Humpy outclassed Poland’s Monika Socko in the final game to assure India of at least one of the top two positions in the Online Olympiad.

It was a dramatic comeback for India after getting outclassed by Poland in the first match 4-2.

In the second match, the Asian chess powerhouse showed its class to humble Poland 4.5-1.5.

With the two teams registering one victory each, the game went into Armageddon with Humpy having an advantage.

She had drawn against Socko in the first match and won against her in the second.

In the first match, India went down 2-4 to Poland with its most fancied players — Viswanathan Anand and Vidit Santosh Gujrathi — losing their games against Jan-Krysztof Duda and Radoslaw Wojtaszek, respectively.

Former world champion Anand, playing with white pieces, was outplayed by Duda while Gujrathi lost the game after having an advantage.

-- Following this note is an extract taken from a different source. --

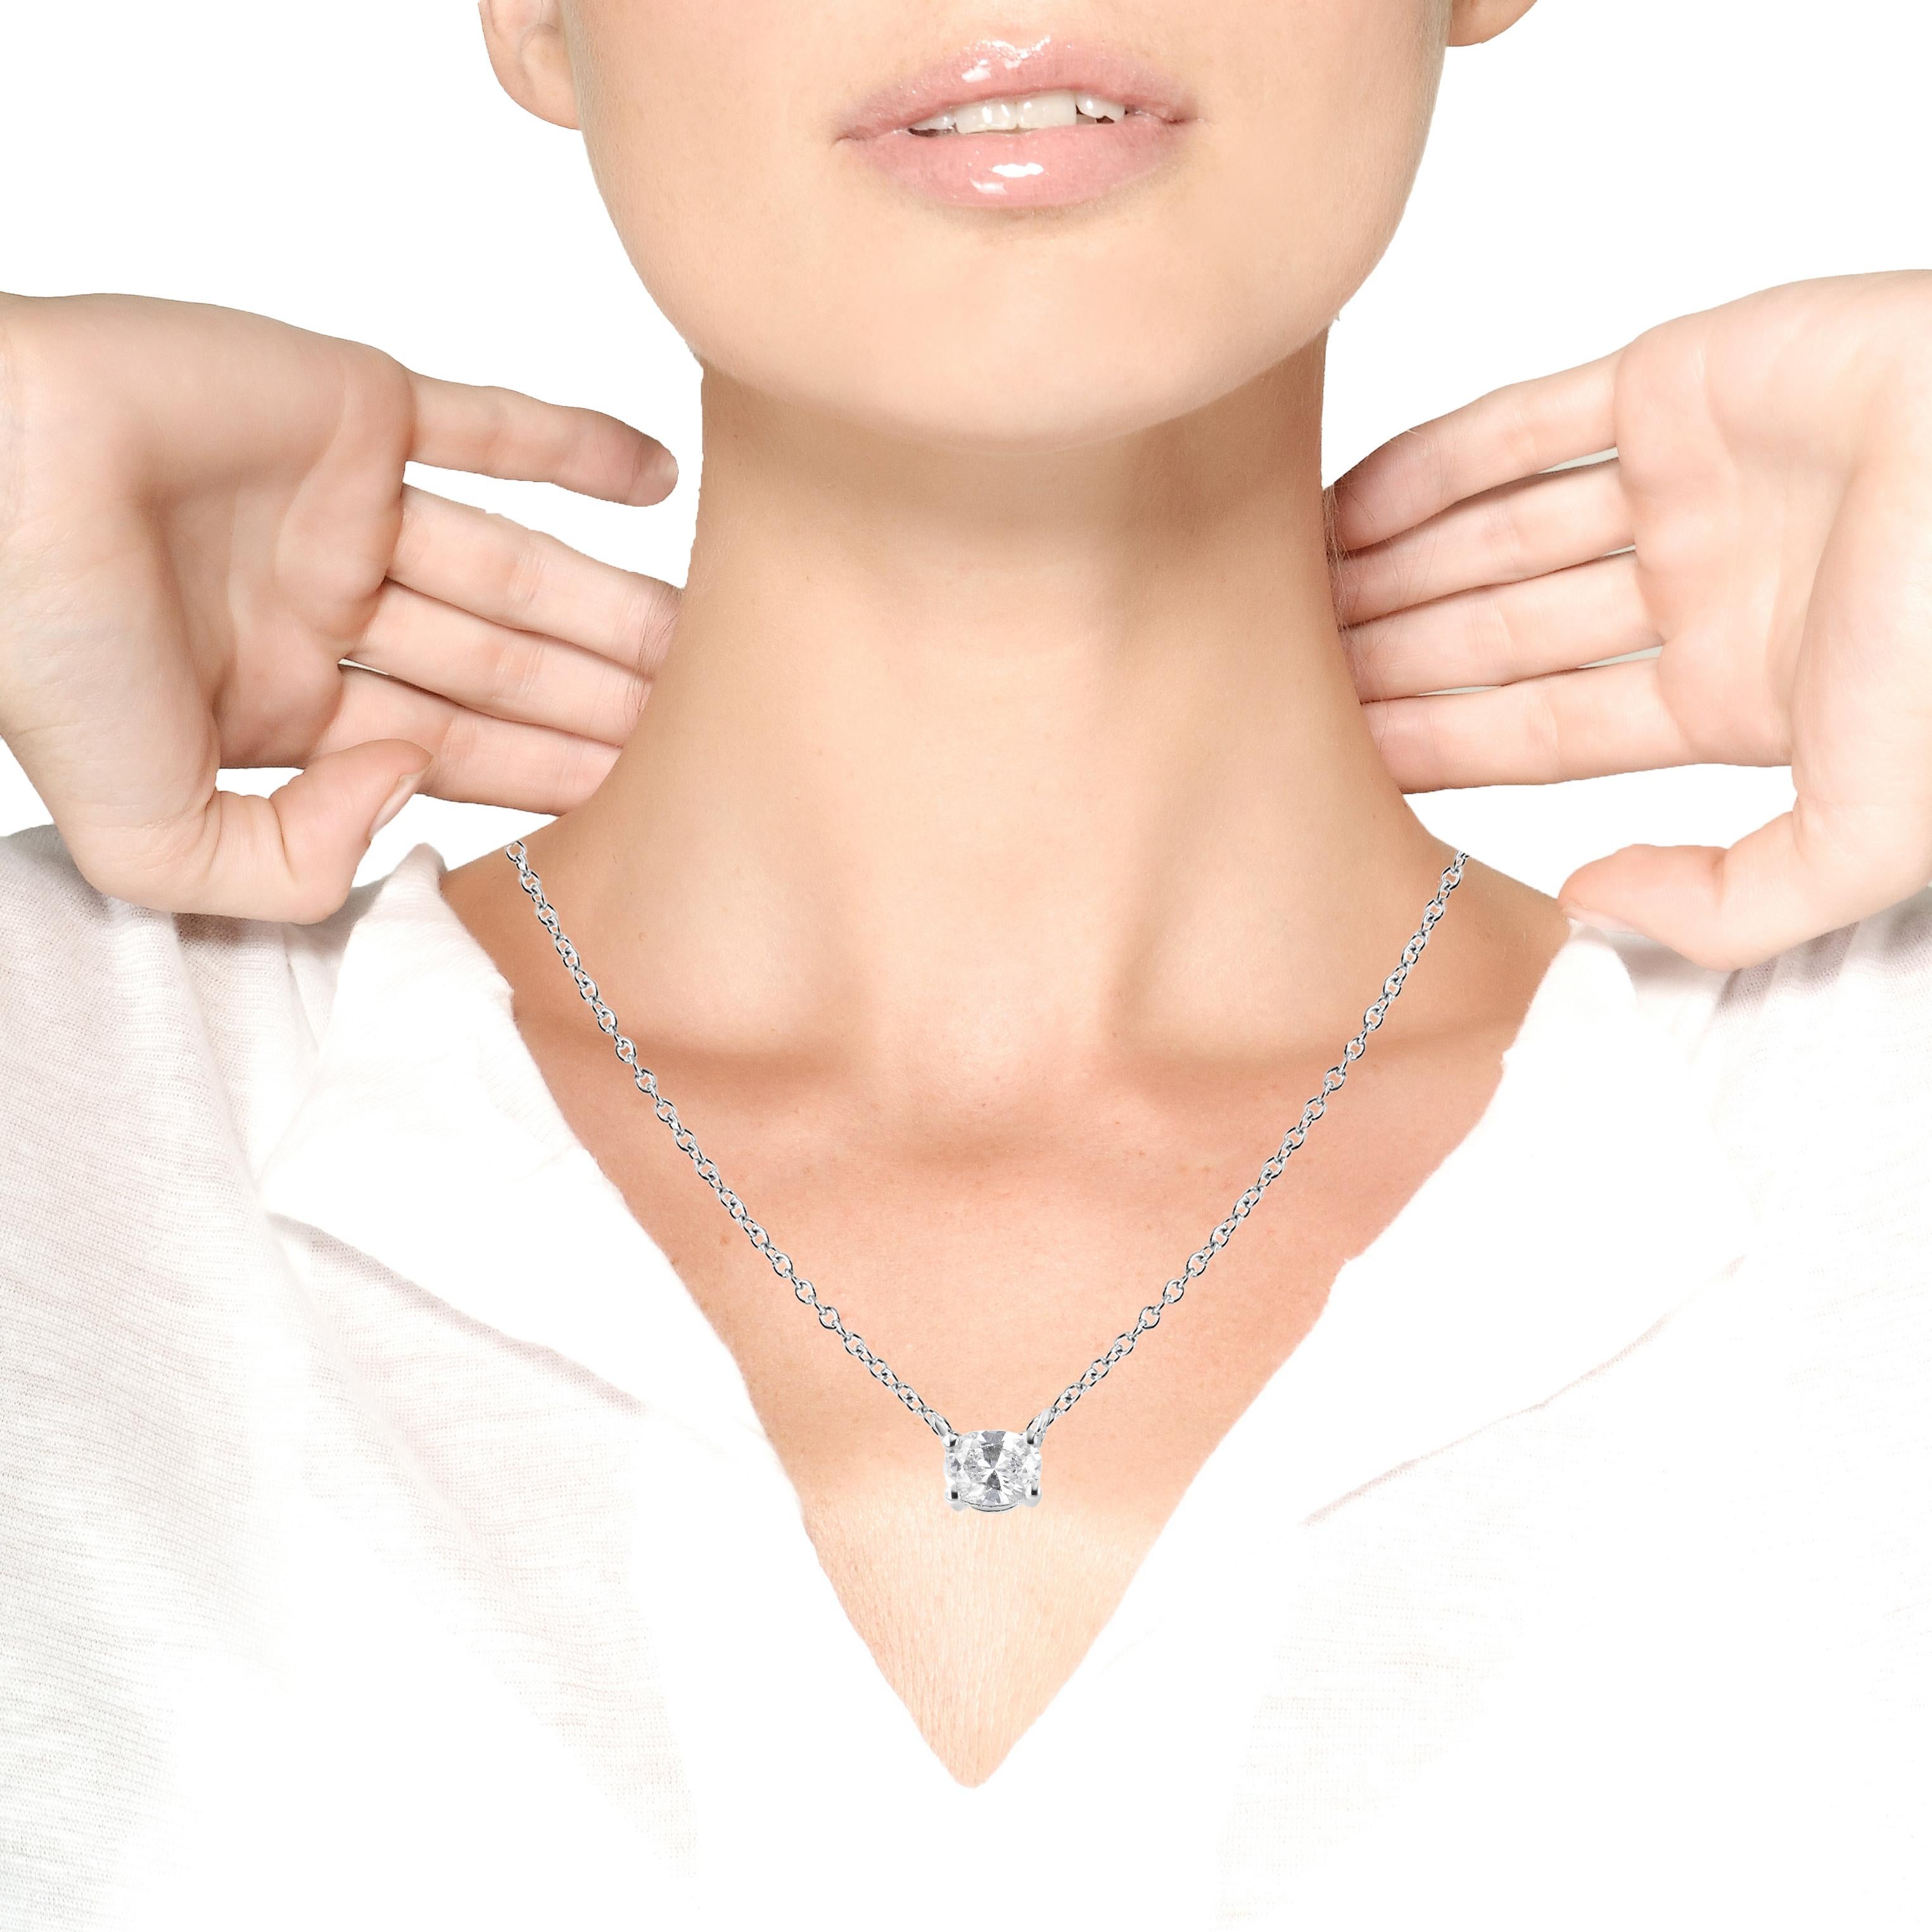 stationary diamond necklace

On the other hand, rising star Nihal Sarin defeated Igor Janik.

The two senior Indian women players — Humpy and D. Harika — gave some respectability to the final score by drawing the games against Monika Socko and Karina Szczepkowska-Horowska, respectively.

However, Divya Deshmukh went down to Alicja Sliwicka, overlooking the basic back rank mate.

For the second match, India brought in R. Praggnanandha and Vantika Agrawal replacing Sarin and Deshmukh.

On their part, Poland brought in Grzegorz Gajewski in place of Radoslaw Wojtaszek.

India won the second match comfortably with a score of 4.5-1.5.

Humpy in her second outing won against Socko in 41 moves, while Harika outclassed Szczepkowska-Horowska.

Anand, who was humbled in the first match, took sweet revenge against Duda in 69 moves while Gujrathi won against Gajewski.

India suffered a setback when Praggnanandha got checkmated by Janik in 43 moves.

However, Agrawal drew her game against Sliwicka to help India equalise the score.